Anatomy of a scam

Trent Ernst, Editor


Just got an email in my inbox.

Actually, check that. It went straight into spam (thank you, Outlook). But, I was poking around in there to see if I had got anything important in there (it happens every so often).

Here’s the email:

Dear tax payer,

Our records indicate insuficient information for your income tax return. As a result, you have to been exempt fromthe Canadian Tax reporting and witholdings on claims to be payd to you

To aply for your claims we have been required by law to update our records in order to rectify your exemption status.

To access the online form for your tax refund, please click here <>

This is a scam.

How do I know that this is a scam? There are a number of clues in the email itself that tip us off.

First, it is addressed to “tax payer.” If the CRA is sending me an email to tell me they owe me money, they aren’t going to address it to a generic “tax payer”, they’re going to address it to me, personally, so that nobody else tries to claim my money.
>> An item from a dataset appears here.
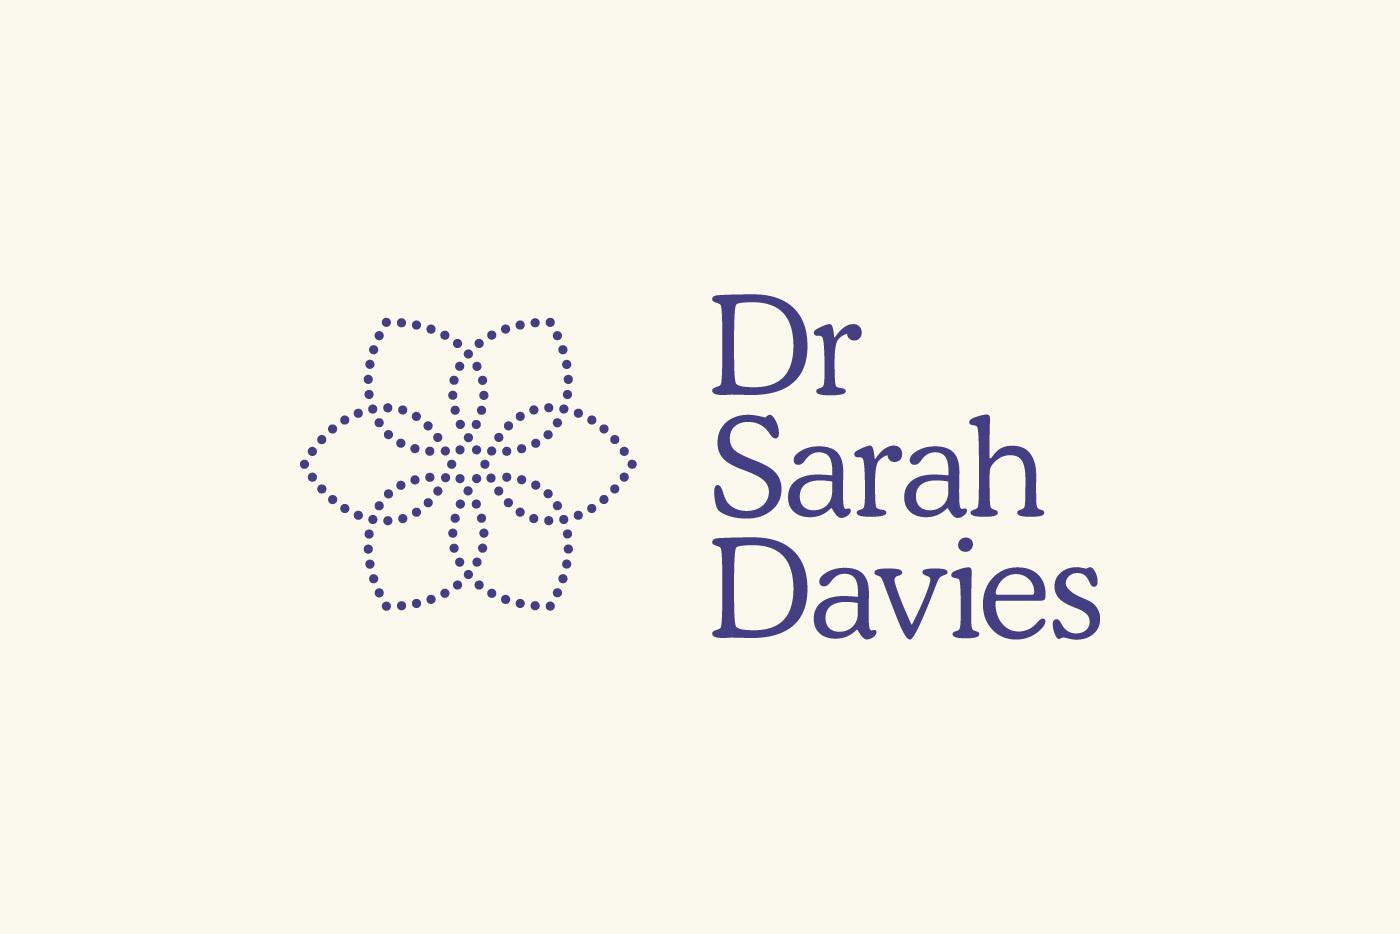 Dr Sarah Davies Branding Logo Identity

Second, they’re giving money back. Seriously? That just doesn’t happen. If it does happen, generally what happens is a cheque just shows up in your mailbox. They don’t email you and ask you to log into a website. They know where you live; they don’t need you to fill in any information

Third, look at that website this is linked to. That doesn’t sound like a valid government link at all. Now, if the email hadn’t gone to spam, the link probably would be hidden behind an image. So how can you check if the link is valid? If you’re using Outlook, simply hover over the link, and the actual link will appear in a pop up box. If you are using a web-based browser, the link should appear in the bottom address bar. If you don’t get any sort of hint as to what the link is, you can right click on the image, then select “copy link” or your email program’s equivalent, then take and paste that link into a text document.

Fourth: The spelling is atrocious. There are five spelling mistakes in three sentences:  insuficient (insufficient), from the (from the), withholdings (with holdings), payd (paid), aply (apply).

Finally, the email doesn’t even make sense. We have insufficient information from your tax return, so we owe you money back? Try reading it aloud and try and follow the logic.

This is a fairly obvious scam. But there are scammers out there who understand how to spell, who can hide links via or another service. Scammers who can actually construct an email that actually looks like it might have come from the CRA, or Apple, or Microsoft (don’t get me started on the three calls I got last week from Microsoft Tech support to tell me my Windows machine was acting up; I told them I was very concerned because, after having it sit under my desk unplugged for three years, I had thrown it out, and if it was acting up, I felt somehow responsible, and I’m sorry but I can’t go to it and turn it on because I DON’T KNOW WHERE IT IS ANYMORE CAN YOU HELP ME FIND IT!!!!?)

So what happens when a scam looks valid? Well, according to the CRA, they will never:

NEVER requests information from a taxpayer about a passport, health card, or driver’s license.

NEVER divulges taxpayer information to another person unless formal authorization is provided by the taxpayer.

NEVER leaves any personal information on an answering machine or asks taxpayers to leave a message with their personal information on an answering machine.

In addition, they say that, when in doubt, ask yourself the following:

  • Am I expecting additional money from the CRA?
  • Does this sound too good to be true?
  • Is the requester asking for information I would not include with my tax return?
  • Is the requester asking for information I know the CRA already has on file for me?
  • How did the requester get my email address or telephone number?
  • Am I confident I know who is asking for the information?
  • Is there a reason that the CRA may be calling or emailing? Do I have a tax balance outstanding?

As always, if someone approaches you for anything, view it with the highest suspicion. “Psst, buddy, want to buy a watch?” “Could you donate to the Heart and Lung foundation?” “Your computer is acting up, give us your credit card info and we’ll fix it for you.” “I am a Nigerian Prince…” If what they say does seem valid (say, someone asks for a donation for a worthy cause), then you need to find the official channel and contact them back.

Let’s say you get a call from the Heart and Stroke foundation. You want to contribute, but you don’t know that the person on the phone is really who they say they are. Thank them for their call, then hang up and go to the official website (, where you will find a link called DONATE on the bottom of the page, where you’ll find out how you can donate once, monthly, in honour of a loved one or in memory of someone. You’ll also find their phone number, a printable form so you can mail in a donation, and a list of HSF offices where you could donate in person.

People want to trust other people, but a modicum of caution is also needed, especially in this day and age where all the crooks, thieves, scammers and grifters from around the entire world now can contact you online or using a computer to phone program.